In our comparison, differences are given by the changing iodine load of the CM solutions. That is confirmed by the fact that mean attenuation values as well as SNRs and CNRs of paired corresponding iodine load solutions (high concentration Iodixanol vs medium concentration Iomeprol: 80 mgI) were not significantly different (Figure 4). Different iodinated CM have a similar influence on plaque attenuation profiles with corresponding trends depending on the iodine load. Therefore, we demonstrated that different types of iodinated CM may be equally employed for plaque imaging purposes. Given CM influence, a lower intracoronary attenuation with a corresponding modification of the iodine delivery (ID) rate formula [IDr=gI s−1=flow (ml s−1)×concentration (gI ml−1)], depending on the CM employed, may allow a better in vivo assessment of coronary atherosclerotic plaques [25].
Heavy calcifications may also affect the capability of the operator to assess non-calcified plaques [23,26]. On the other hand, the limited resolution of CTCA in association with the blooming effect of the CM in the lumen could hamper the identification of small calcifications [21]. According to our study, calcified plaques may also slightly enhance their attenuation with increasing CM solutions. CM protocols should take into account this emerging evidence and could be modulated on the basis of coronary calcium score.

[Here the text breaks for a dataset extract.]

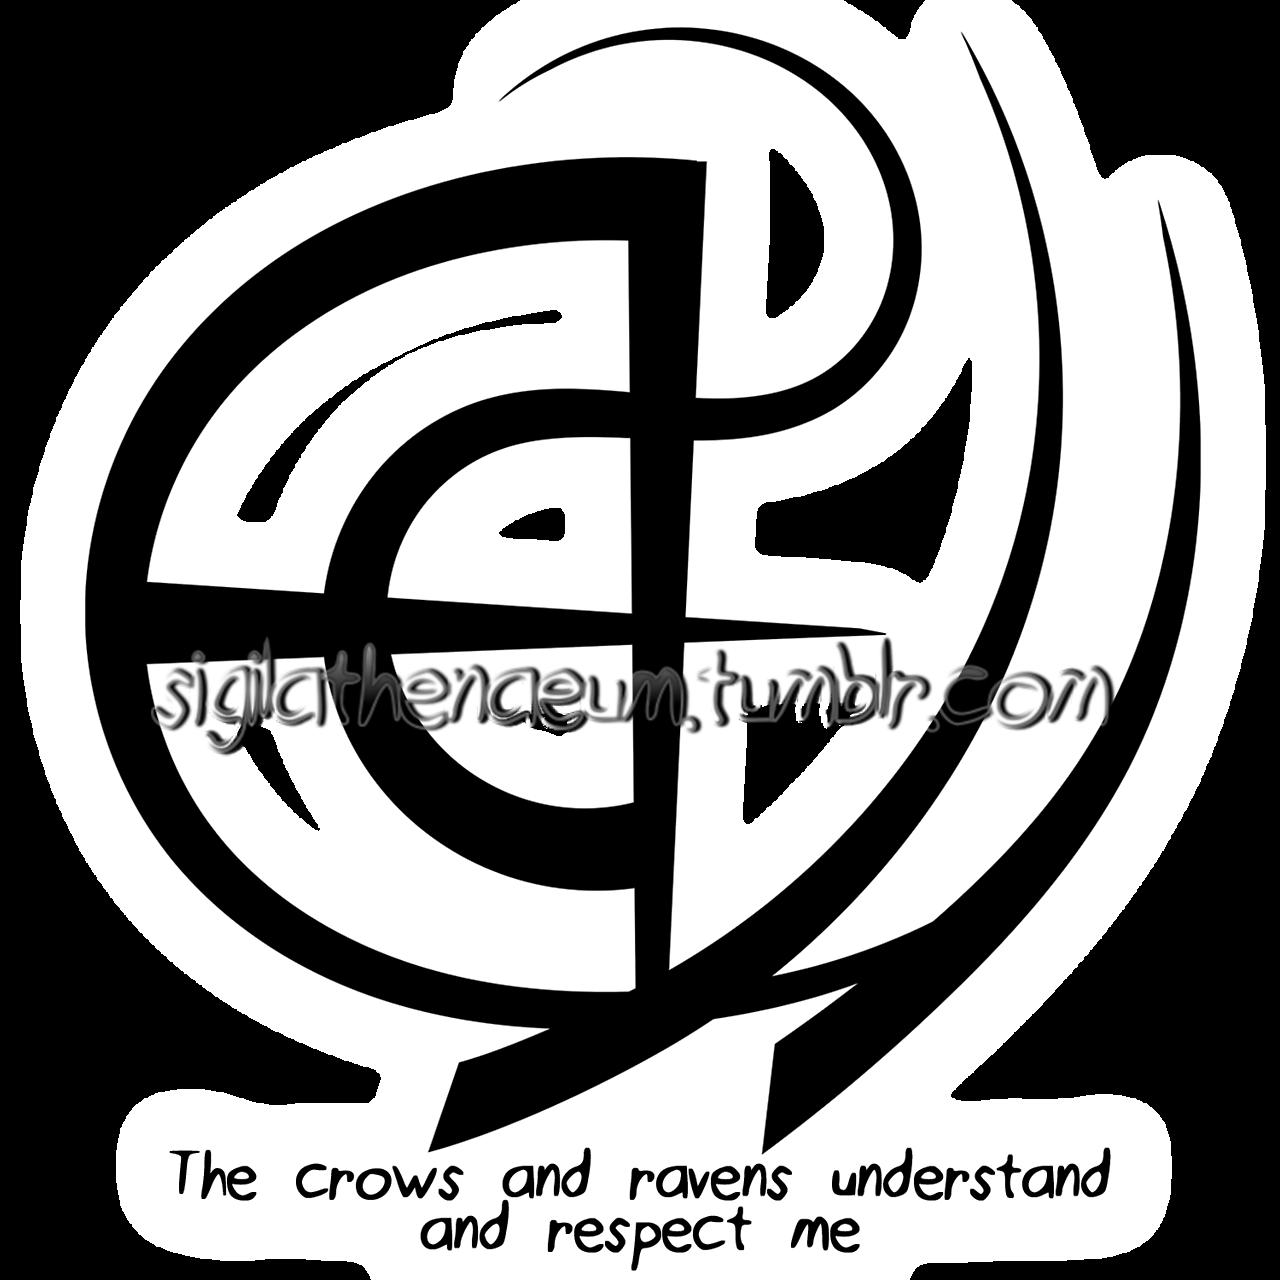 Sigil athenaeum photo art. Trust clipart respect symbol

There are several limitations to our study. The first one is the lack of histopathology examination and correlation; however, the aim of our study was not to compare pathology with MSCT, but to assess the influence of different CM on plaque attenuation measurements. In this context, Leschka et al [27] recently provided a reliable plaque characterisation with dual-source CT compared with histopathology. Furthermore, we did not investigate the influence of ROI dimensions [20] and image reconstruction parameters, such as convolution filtering and slice thickness [19,28]. No reader variability was assessed [22]; however, the two readers in our study had 5 years of experience in cardiac CT. The readers assessed coronary plaque in consensus to improve their performance; conversely, the consensus reading is likely to have led to an underestimation of the variation in measurements. In vivo applications should also test the chemical structure and viscosity of different CM, which may have an influence on attenuation profiles. Finally, we did not investigate the potential impact of blood attenuation, since it was preferred to use pure saline in the mixture to facilitate the effective removal of CM solutions after each injection [18]. The possible influence of the passage of CM through the specimens should have been minimised by saline flushing.

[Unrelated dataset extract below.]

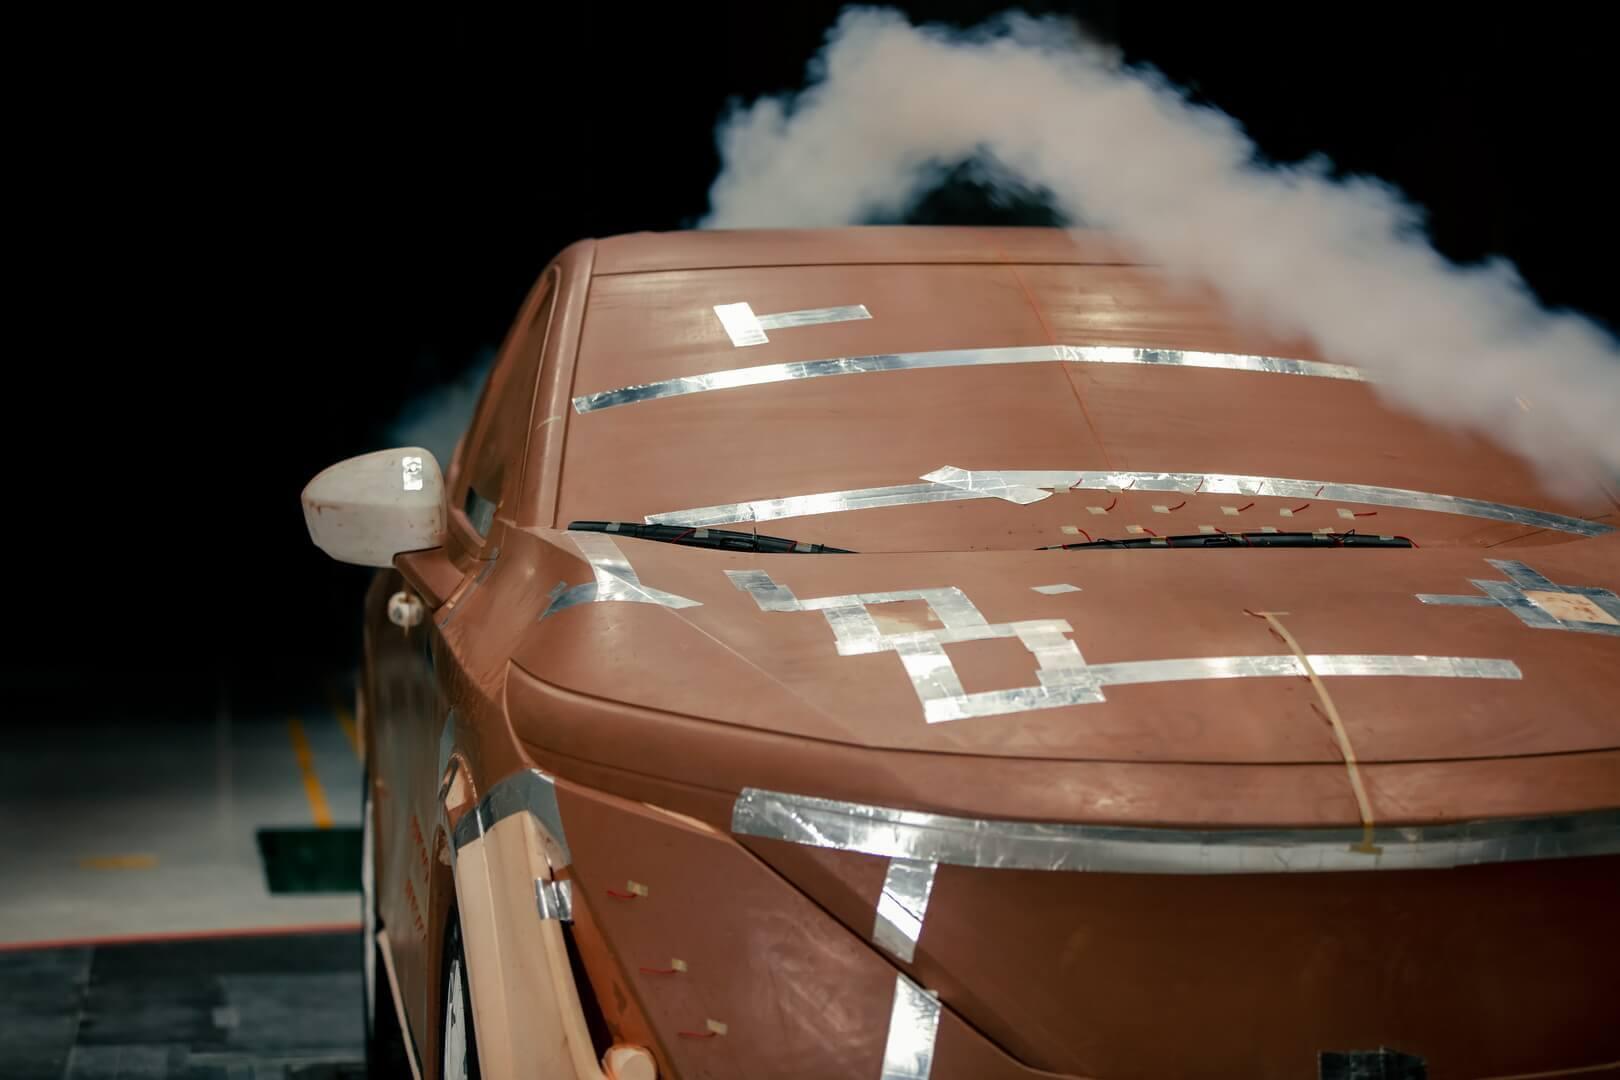 Форма кузова Ariya позволяет легко рассекать воздух и максимально увеличить эффективность

In the future, higher spatial resolution of new CT scanners [29], novel automated software [30] and revolutionary contrast agents [31] may allow improved clinical coronary plaque imaging. The advent of radiation dose-saving CT scanners [32] could also promote the in vivo assessment of the treatment effect on coronary plaques [33].
Conclusion
In conclusion, different iodinated CM have a similar influence on plaque attenuation profiles and may be equally employed for plaque imaging purposes. Therefore, appropriate CM protocols should be tested and enforced in vivo to provide improved coronary atherosclerotic plaque imaging.